Case identification and evaluation
Different studies rely on varying procedures to identify probable cases and to confirm diagnosed cases. Studies using administrative databases report cases as they were identified in health or educational systems. These studies are limited by variability in clinical practice and high potential for inconsistency. For these reasons, the CDC established a more refined strategy for their surveillance systems. First, records are screened, and a social trigger allows the creation of a research record for a given child using multiple linked data sources (health and educational). In the second step (confirmation stage), the research record is reviewed by a panel of clinicians to ascertain defined cases. In case of disagreement, other clinicians may arbitrate.
Population‐based studies usually evaluate smaller samples and therefore use a multistage approach to screen the target population and then confirm the accuracy of their final caseness. When the screening phase is completed, cases identified as positive and, unless the screening tool is 100% sensitive, a sample screening negative go through the next step involving a more in‐depth diagnostic evaluation to confirm their case status, either on the full sample or on a randomly selected subsample. Unless the validity of the screening tool is established in a given population, samples of children screening negative should be evaluated to estimate the sensitivity of the screening procedure and adjust prevalence estimates accordingly (Alshaban et al., 2019 ).

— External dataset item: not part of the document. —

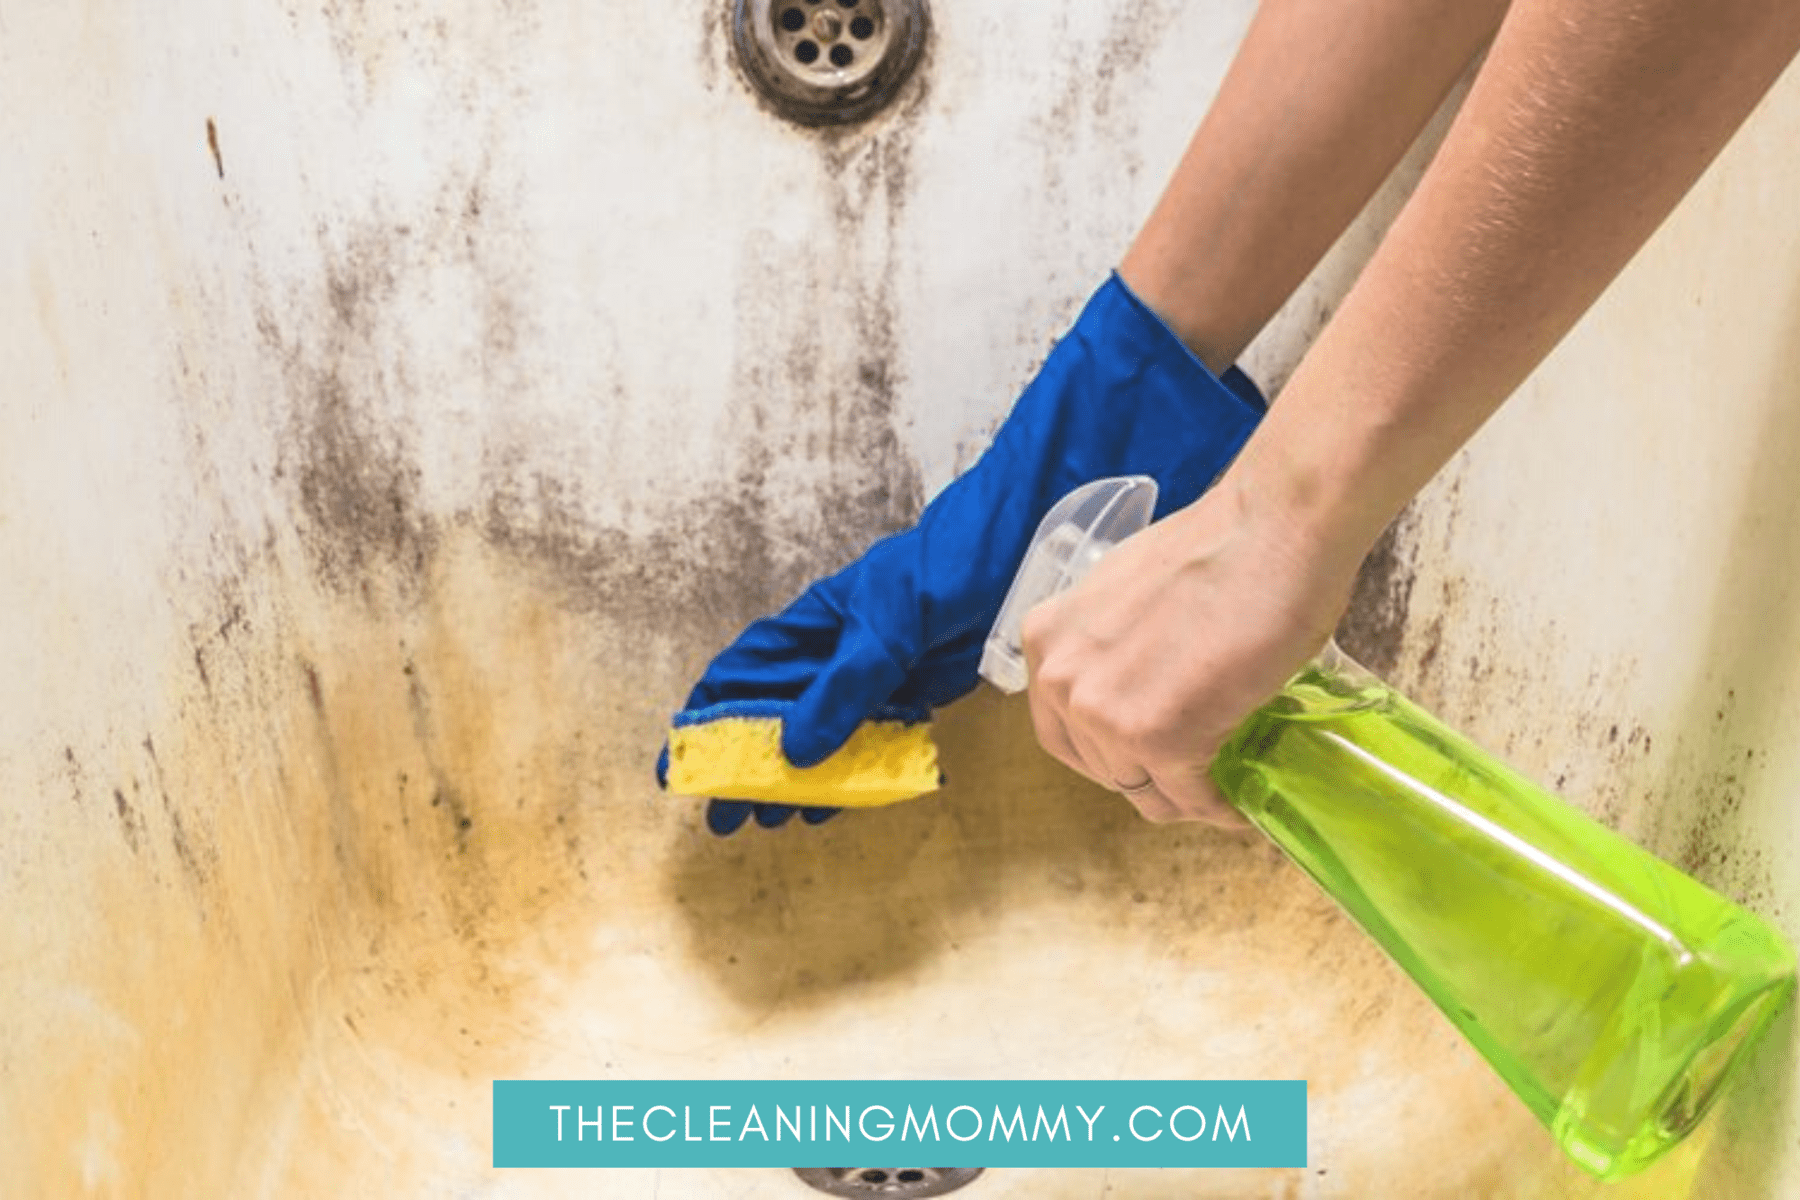 Cleaning a dirty bathtub with blue gloves and yellow sponge

Standard tools frequently used during the screening stage of epidemiological studies include original or translated versions of the M‐CHAT (Chaaya et al., 2016 ; Hoang et al., 2019 ), the SCQ (Narzisi et al., 2020 ; Rudra et al., 2017 ), the CAST (Morales‐Hidalgo et al., 2018 ; Sun et al., 2019 ), and the Autism Spectrum Rating Scale (ASRS; Zhou et al., 2020 ), the Social Responsiveness Scale (Constantino & Gruber, 2012 ; Fombonne et al., 2016 ) or the Autism Quotient (Brugha et al., 2016 ; Heys et al., 2018 ).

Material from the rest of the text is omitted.